Clinical Researcher—June 2018 (Volume 32, Issue 6)
ON THE JOB
Once a clinical trial has reached the point of patient recruitment, the prime source of data generation and collection becomes the network of investigator sites engaged in the trial. Whether the sites are based at medical clinics, hospitals, or academic medical centers, or are independent trial management sites, together they contribute vital trial data which are otherwise unavailable.
Running an investigator site is an exercise in administration involving registering for clinical trials that are a good match, completing feasibility studies, following the tenets of good clinical practice, overseeing staff training and development tasks, keeping up to date on clinical regulatory requirements and data privacy requirements—all before a single patient has been added to a trial and before a single data point has been created.
Technology can be seen as an additional burden. Often presented as a set of tools and methods to make work more efficient, the experience of dealing with multiple trial sponsors and contract research organizations (CROs) means sites normally have to operate with a baffling array of systems, many of which don’t provide tight integration with in-house systems. With incompatible systems and multiple processes remaining manual, double capture, delays, and inconsistencies become commonplace.
Any processes with handoffs and manual interfaces are generally points where data tracking and information access are poorest. This creates challenges further down the line for insight gathering and analysis.
It Gets Worse
Where teams need to communicate, e-mail seems to be the default. This works because, well, who doesn’t have e-mail? Yet, with all the ease of use and wide distribution, e-mail can be its own burden. With long conversation threads covering multiple topics, it’s hard to see what is being asked and what is being answered.
Even when dealing with a single sponsor (or third-party distribution partner/CRO), multiple systems may be in use. Separate systems have been developed over many years for ordering new supplies, reporting Time Out of Environment and temperature excursions, managing investigational product returns and destruction requests, reporting adverse clinical events, and more—all with inconsistent interfaces, different username/password requirements, and different standard operating procedures. All place a burden on investigator sites—particularly those smaller sites with fewer specialist staff to deal with technical issues.
In the near future, sites will also have data sources that sit with the patient, in the form of apps that request regular input, smart devices such as smartphones, and custom medical wearables—all generating data and likely all incompatible with one another.
What’s the Solution?
With so many sponsors and CROs active at the same time—not to mention the rapidly increasing pace of clinical research—it’s unlikely that any single system will be available to sites for managing all these data anytime soon. That doesn’t mean that sites have to accept the status quo.
Multiple sources are here to stay, and smart software solutions can be created for allowing additional feeds, new partners, and more functionalities to be incorporated with less stress to administration procedures. By designing for open interconnections, more operations can be accomplished in one system. Allowing site systems to connect and automatically reformat and transfer data means manual steps can be removed, operations can speed up, and more flexibility can be offered for the future.
Managing multiple incompatible software systems is a challenge, but there is hope with new software models. Designing software to manage complexity and plan for flexibility is achievable, mainly by abstracting connections from the core of the software. By adopting an architecture that anticipates multiple incompatible data connections, the core software can continue to develop and grow, whilst managing many data sources, including sources not yet known.

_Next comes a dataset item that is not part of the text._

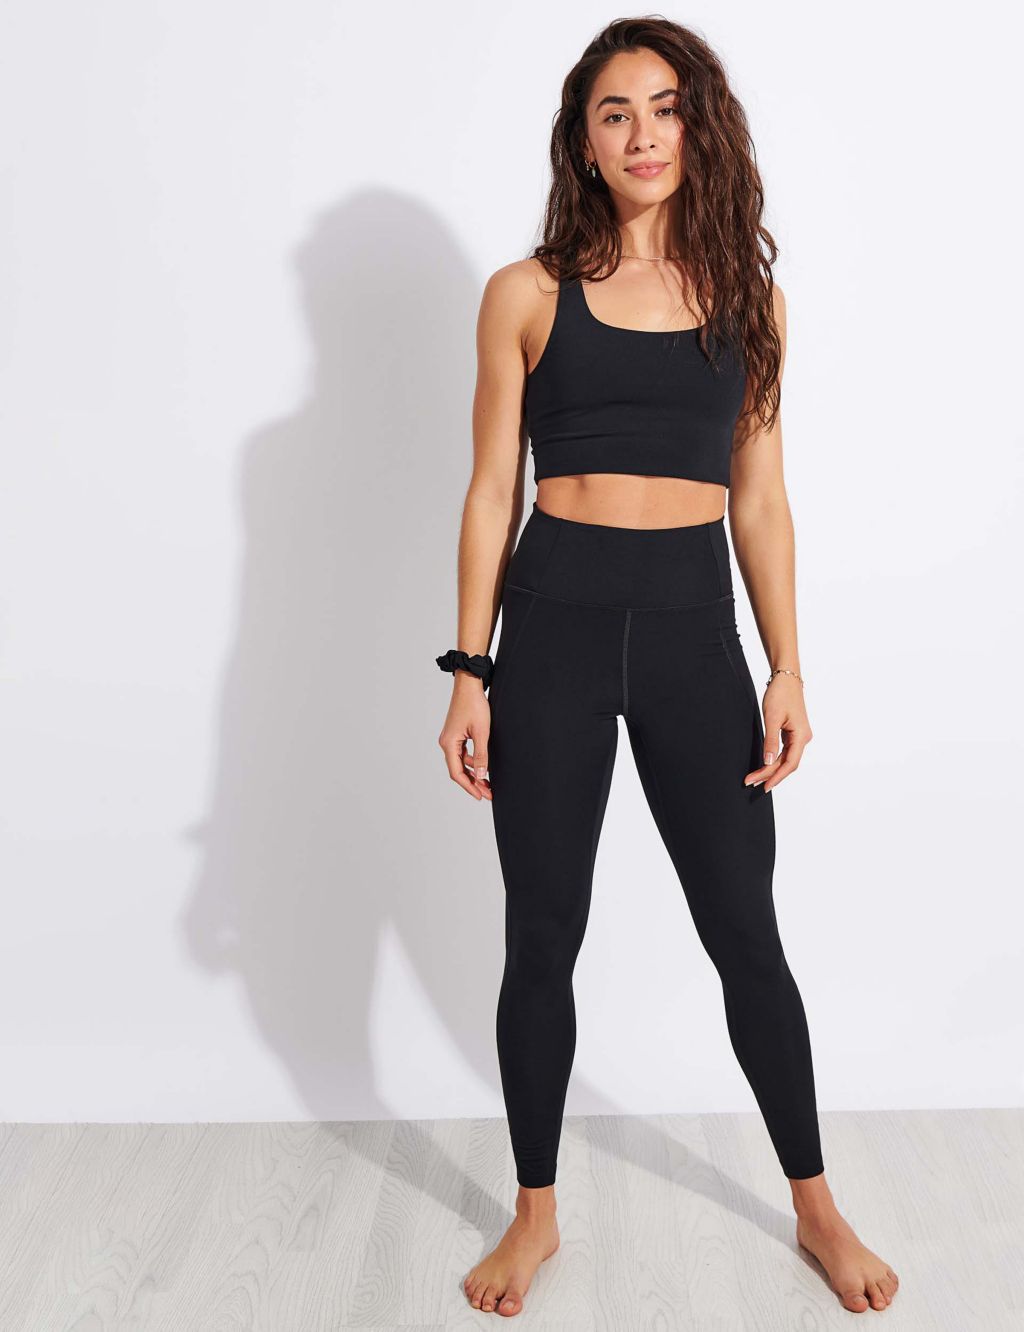 Girlfriend collective high rise compressive pocket legging - Athletic  apparel

Abstraction really is the way to go; and it can be thought of both in a micro and macro sense. In a micro sense, within a single software application, one may use abstraction to separate different elements and allow changes to small parts of the application to be carried out without impacting the whole.
At a macro level, one may abstract tasks to different tools. Myriad reporting and presentation tools are available on the market, such as Tableau and PowerBI (to name two), which connect to many different data sources. Adding a new data source? No problem—make a small adjustment to the dashboard tool and everything ticks on as normal. Removing a data source? Same thing.
Generally, using off-the-shelf tools and applications for common tasks, dashboards, reports, and alerts, for example, is a great idea. It reduces the custom code that needs to be managed and the number of systems that users need to log into each day, just for starters.
For smaller sites where the in-house information technology (IT) provision may be minimal (or non-existent), anything that reduces IT burden is a good thing! Designing operations around an abstract model allows smaller site operators to do a lot of their own configuration and use external specialists for discrete projects. This keeps costs down and yields flexibility as the site manages what the site wants to manage and outsources the burden of more complicated tools.
Most critically, because of abstraction, sites are not at the mercy of a single provider to look after a software behemoth. Abstraction fosters an environment in which small tools and applications targeting simple tasks cooperate with one another to ease the site IT burden.
With better analytics and more of the clinical operations and data management requirements covered by fewer systems, the training burden is reduced and information is free to flow faster and more accurately—keeping both sponsors and CROs happy.